Last year, the Rajasthan government led by chief minister Vasundhara Raje Scindia had found a way to mitigate the crisis by constituting a committee to address the issue. The justice Chopra committee recommended an economic package worth Rs 280 crore to address the question of the backwardness of the gurjars, but their leaders (representing organisations such as the Gurjar Arakshan Sangharsh Samiti, led by Kirori Singh Bainsla) have rejected the same and have reiterated their demand for the declaration of ST status for the community in Rajasthan. Currently Gurjars are categorised as other backward classes (OBCs) in the state. They justify their demand to be provided reservations as a ST owing to associations of sections of the community (“van gurjars”) with pastoral work and as semi-nomadic cattle herders. Another reason is the fact that gurjars in Jammu & Kashmir and Himachal Pradesh are already categorised under the ST category. However, the inclusion of gurjars in Rajasthan as scheduled tribes is problematic as the ST category as mentioned in the Constitution's fifth schedule is defined by certain specific and identifiable characteristics such as lifestyle, culture, inaccessibility and backwardness, and not just economic underdevelopment.

Another motivation for their demand has been the fact that the BJP led National Democratic Alliance government led by Atal Bihari Vajpayee had deemed the jat community in Rajasthan as OBCs. Inclusion of jats in the OBC category crowded out representation for the gurjars from the reservation pie.

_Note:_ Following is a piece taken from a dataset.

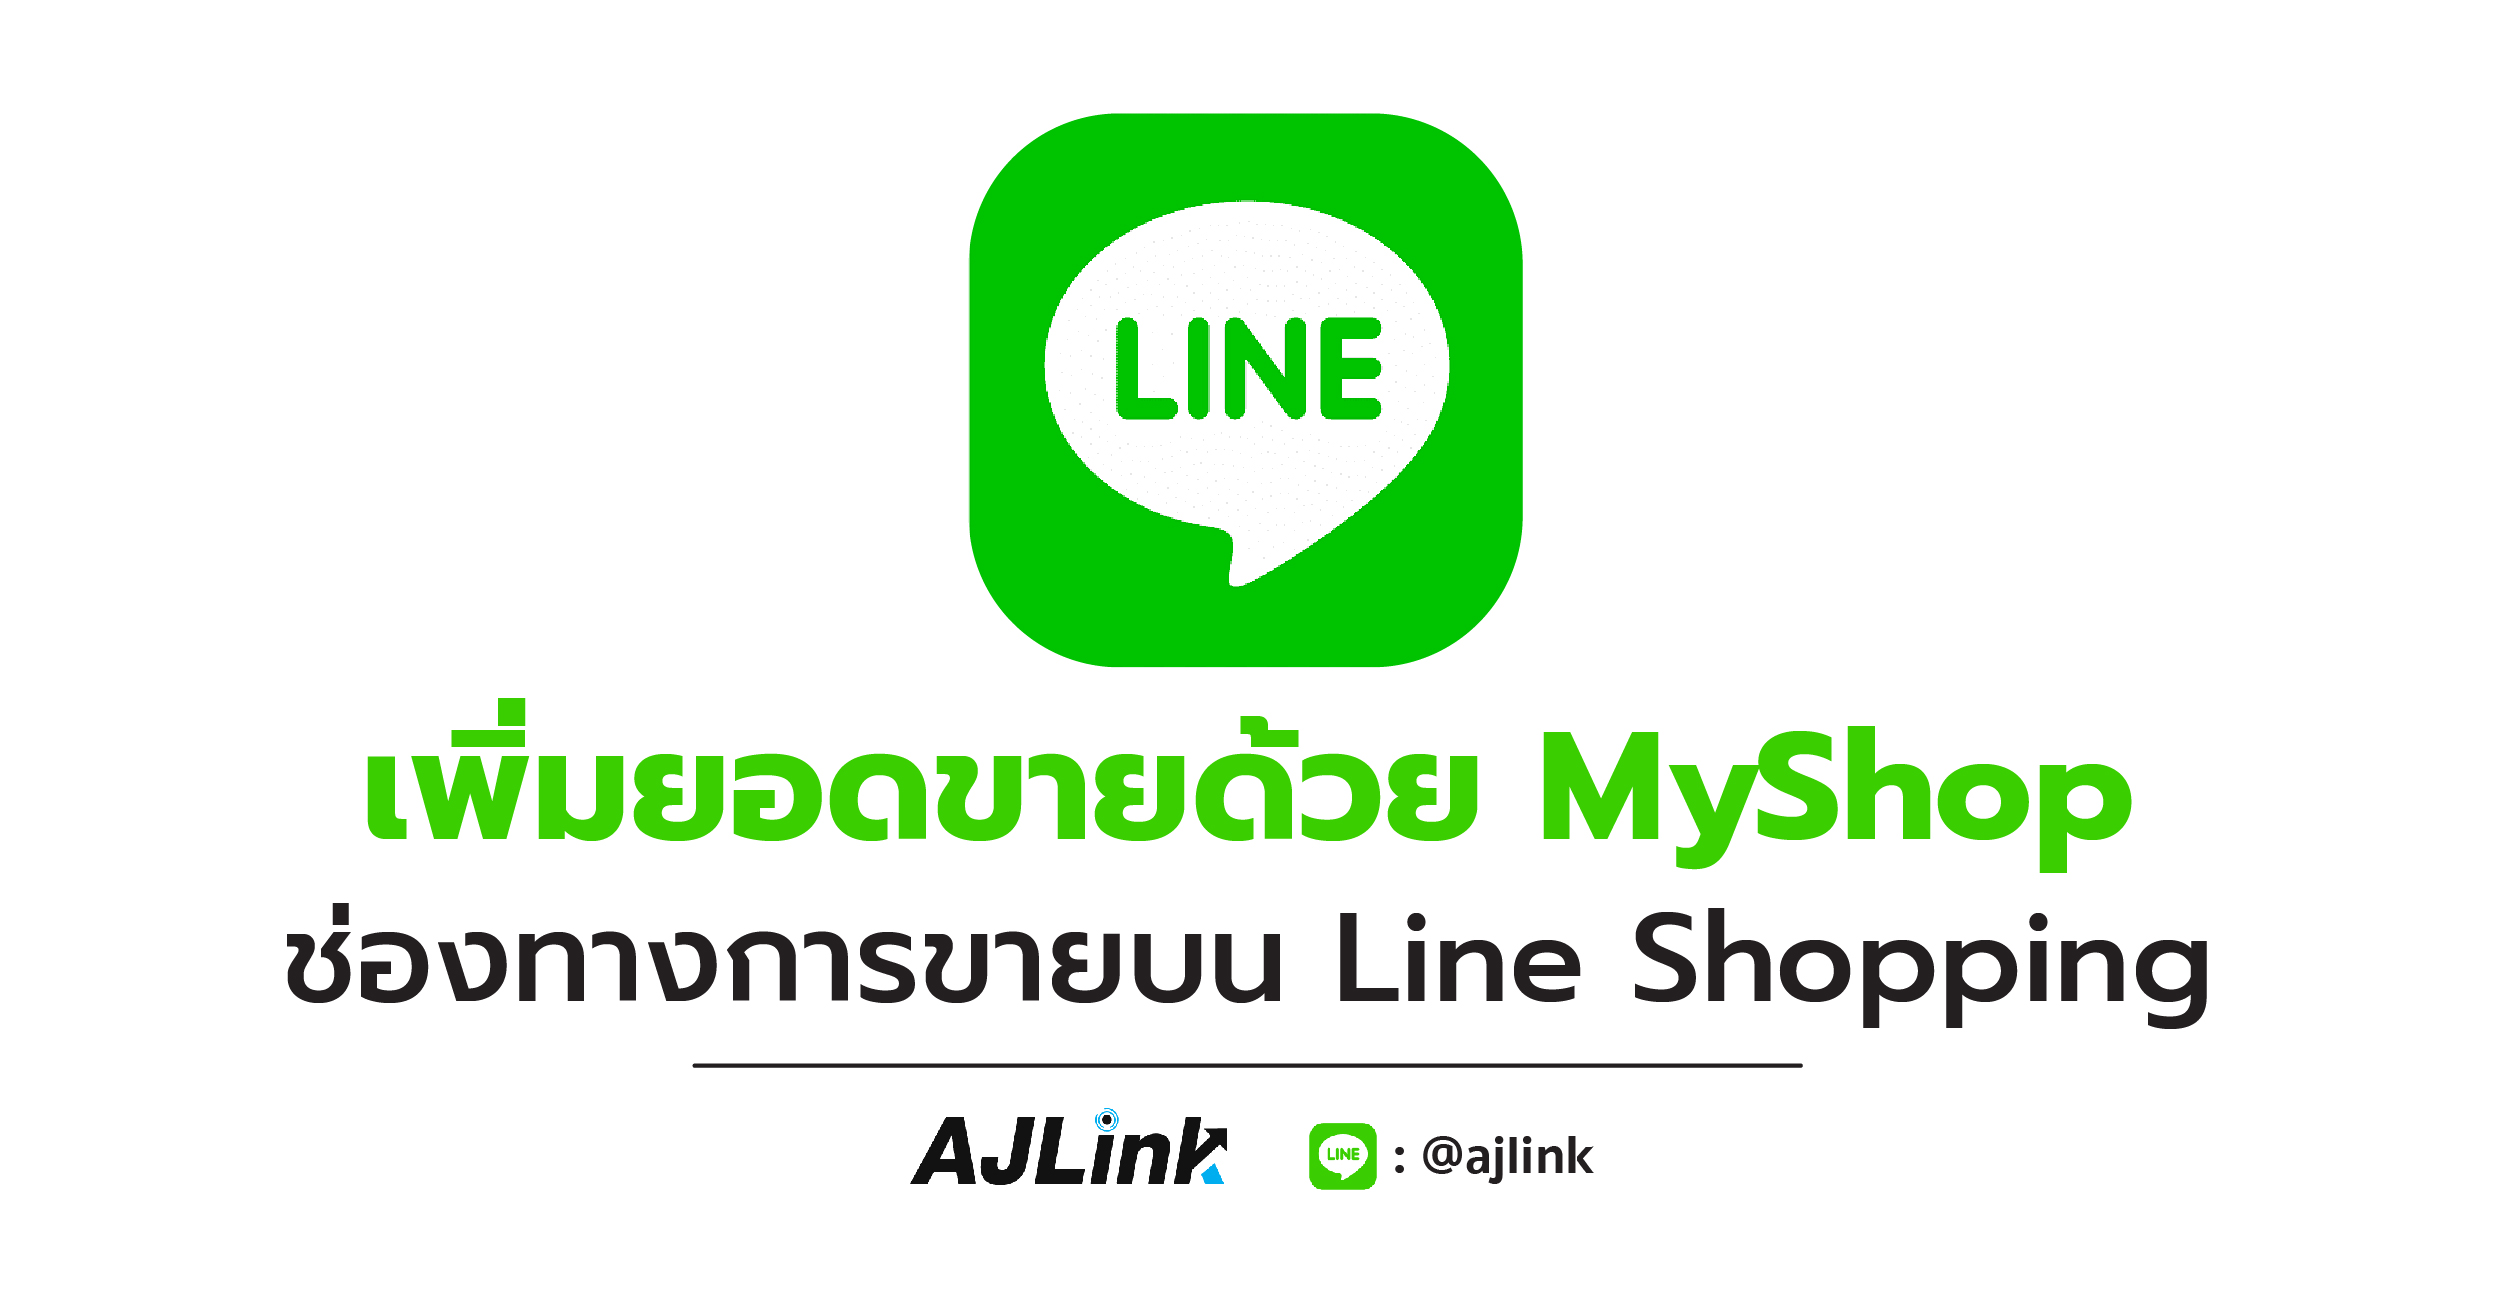 เพิ่มยอดขายด้วย MyShop ช่องทางการขายบน Line Shopping
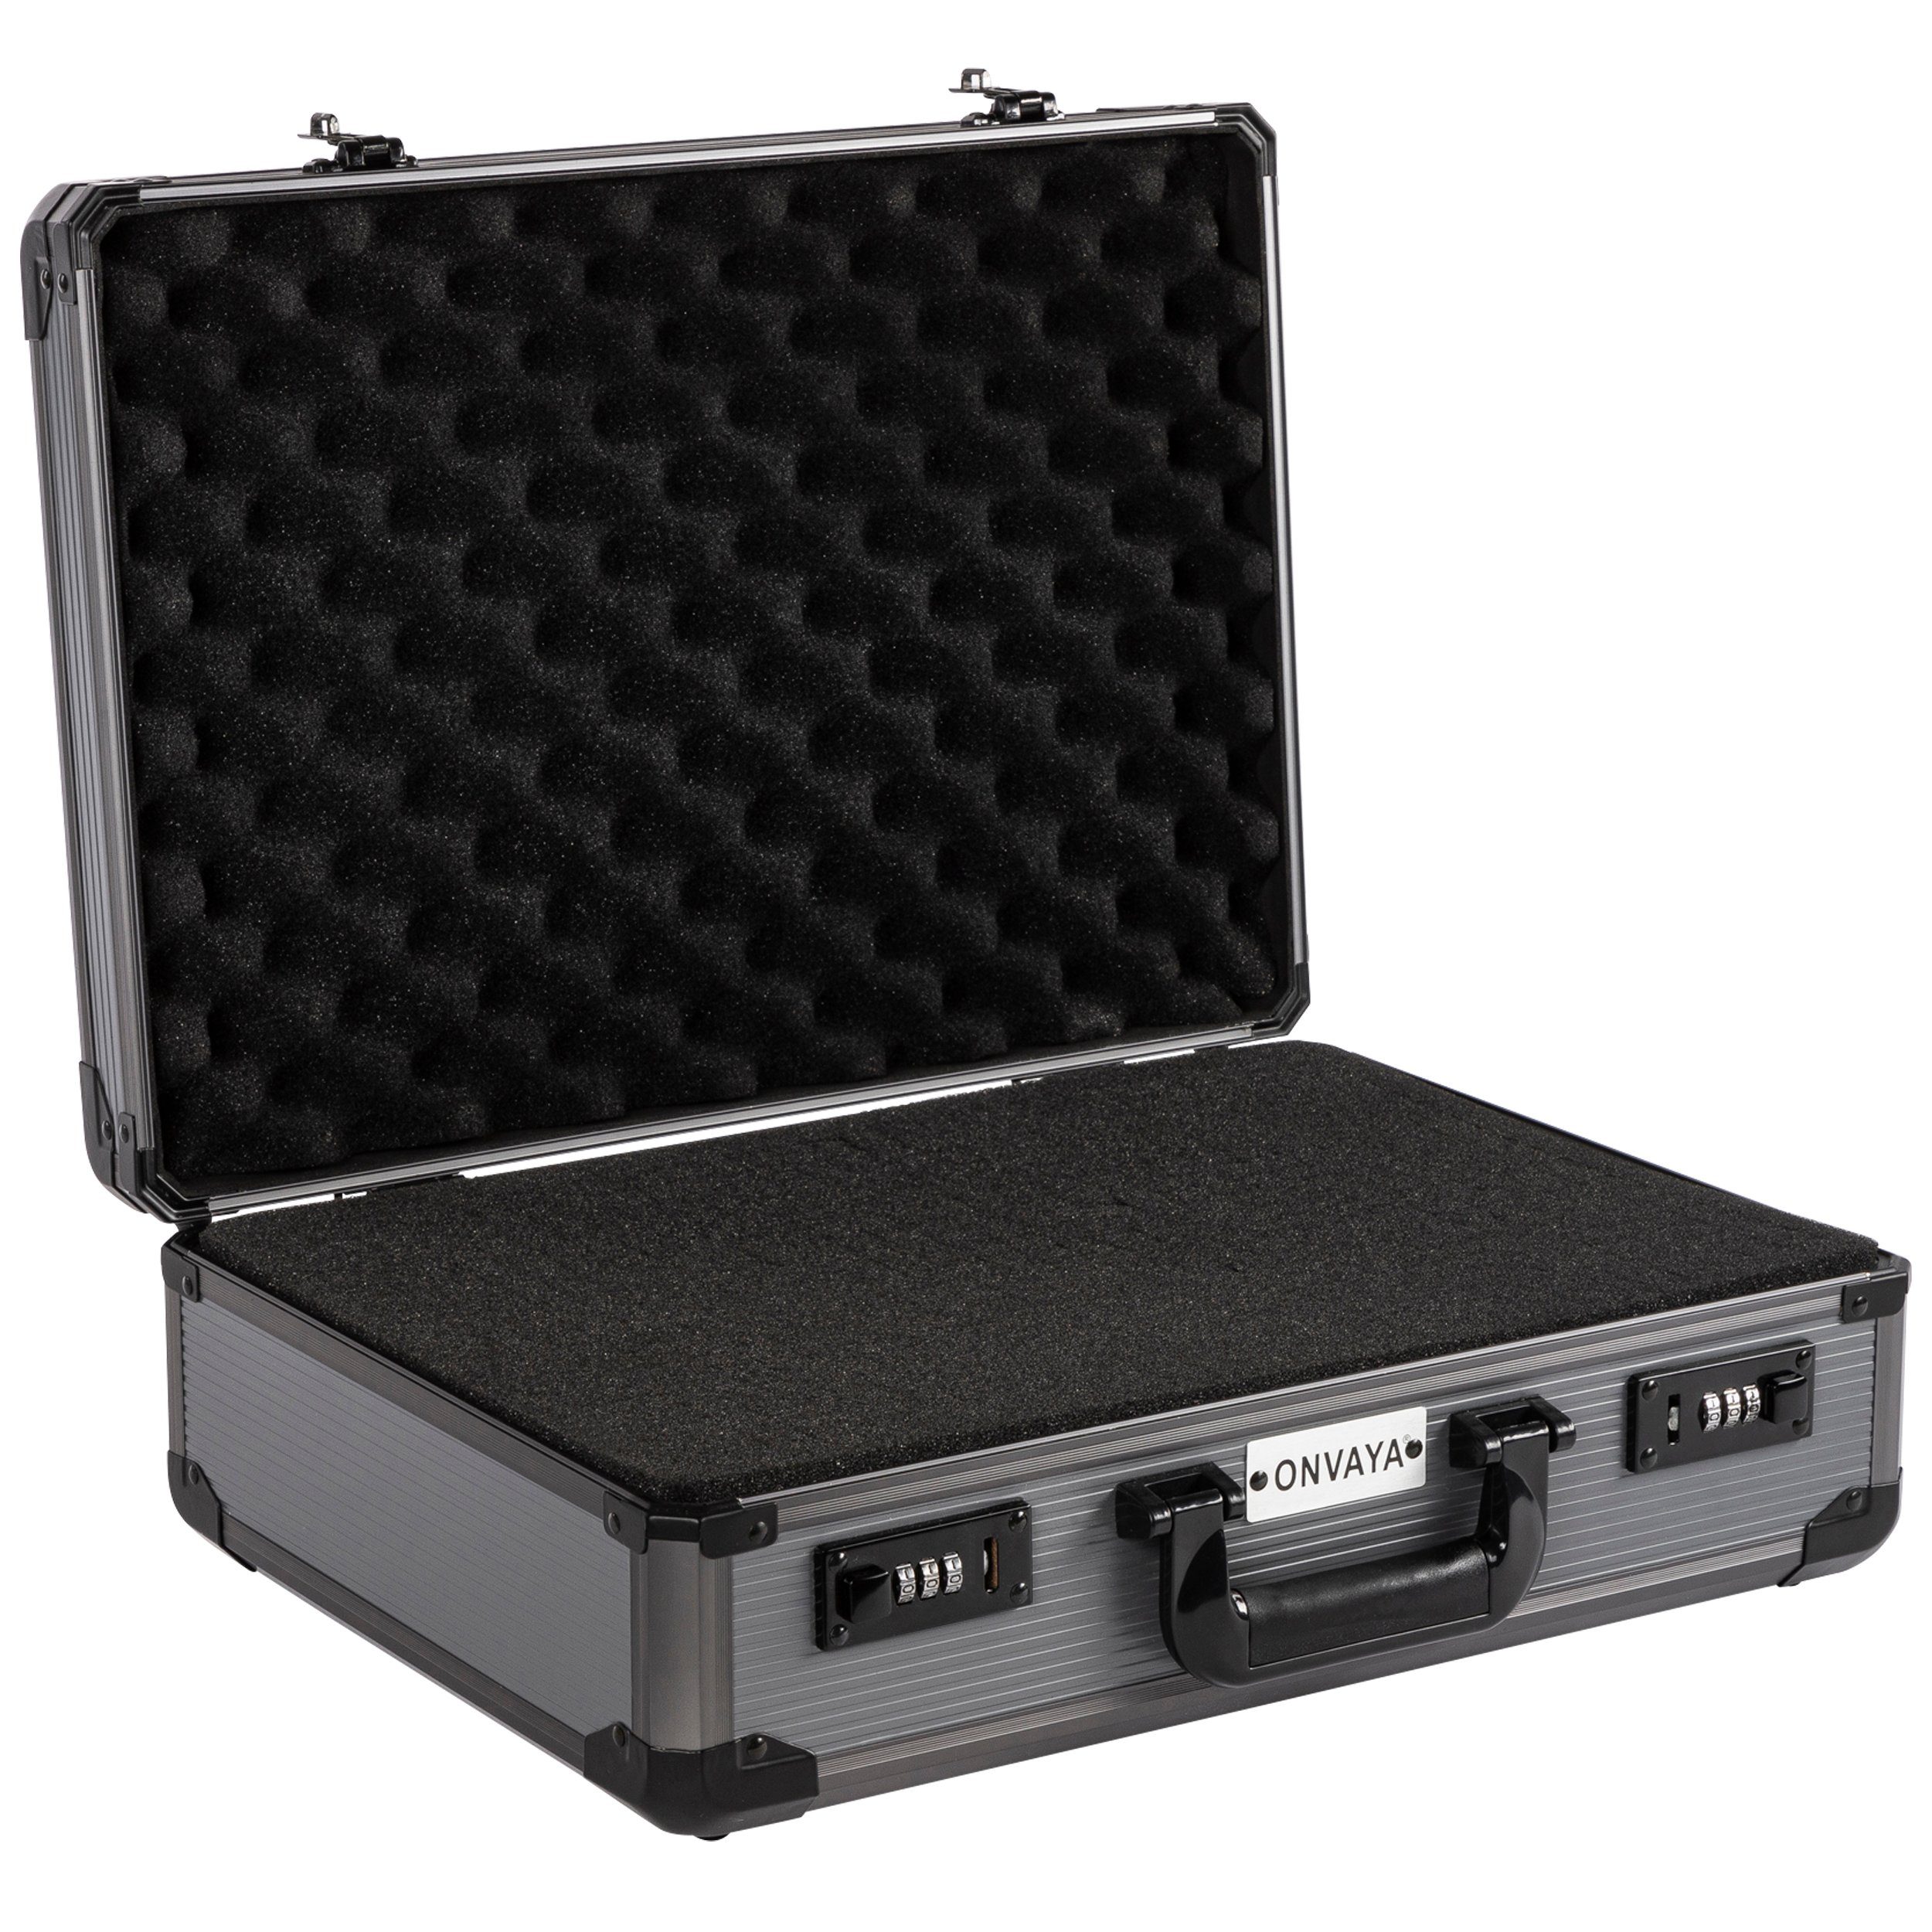 ONVAYA Koffer Alukoffer mit Zahlenschloss, Aktenkoffer aus Aluminium mit Schaumstoff schwarz

As mentioned, the BJP had also promised ST status for the gurjars before the Rajasthan assembly elections in 2003, but its subsequent lack of will to implement this electoral promise has fuelled militant protests by the community. The protests last year were muddied when the party diabolically provoked the meena community (who were provided ST status in 1954) to fight the gurjars. Given this background, the Rajasthan government’s conciliatory proposition to provide 4 to 6 percent reservations by classifying the gurjars as denotified tribes has predictably been rejected by the gurjar leadership.

The high death toll in police firing has only aggravated the problem, and has induced the gurjar leadership to adopt a maximalist position. Offers of talks by the chief minister have been rebuffed, but latest indications are that the gurjar leaders will come to the table. The offer of an economic package can be a starting point but the state government must take pro-active measures in addressing the problems of people traditionally relying on occupations such as pastoral work and dairy farming (many of whom belong to the gurjar community).

Obviously, use of the policy of reservations as a tool for alleviating economic backwardness as well as enhancing representation has proven to be difficult in states like Rajasthan. The garnering of support across various castes by political parties such as the BJP in Rajasthan and the Bahujan Samaj Party in Uttar Pradesh, who have promised reservations for the poor from the upper castes too, has created conditions for competitive caste politics fanning inter-caste clashes and demands for further reservation for other caste groups. It is incumbent upon political parties to reverse this dangerous trend by revisiting the basis on which reservations were formalised as a policy. Reservations cannot be on the basis of the criterion of economic backwardness alone. The policy has to be targeted towards gradually rendering the caste hierarchy redundant. At the same time, states need to formulate and work upon welfare measures for socio-economic development through policies that are for the betterment of sections across castes so that the incentives for specific groups to make claims for exceptional treatment through reservation do not exist. But where is the progressive democratic movement to bring this about? The BJP’s discordant and opportunistic politics is only deepening the social divide in Rajasthan.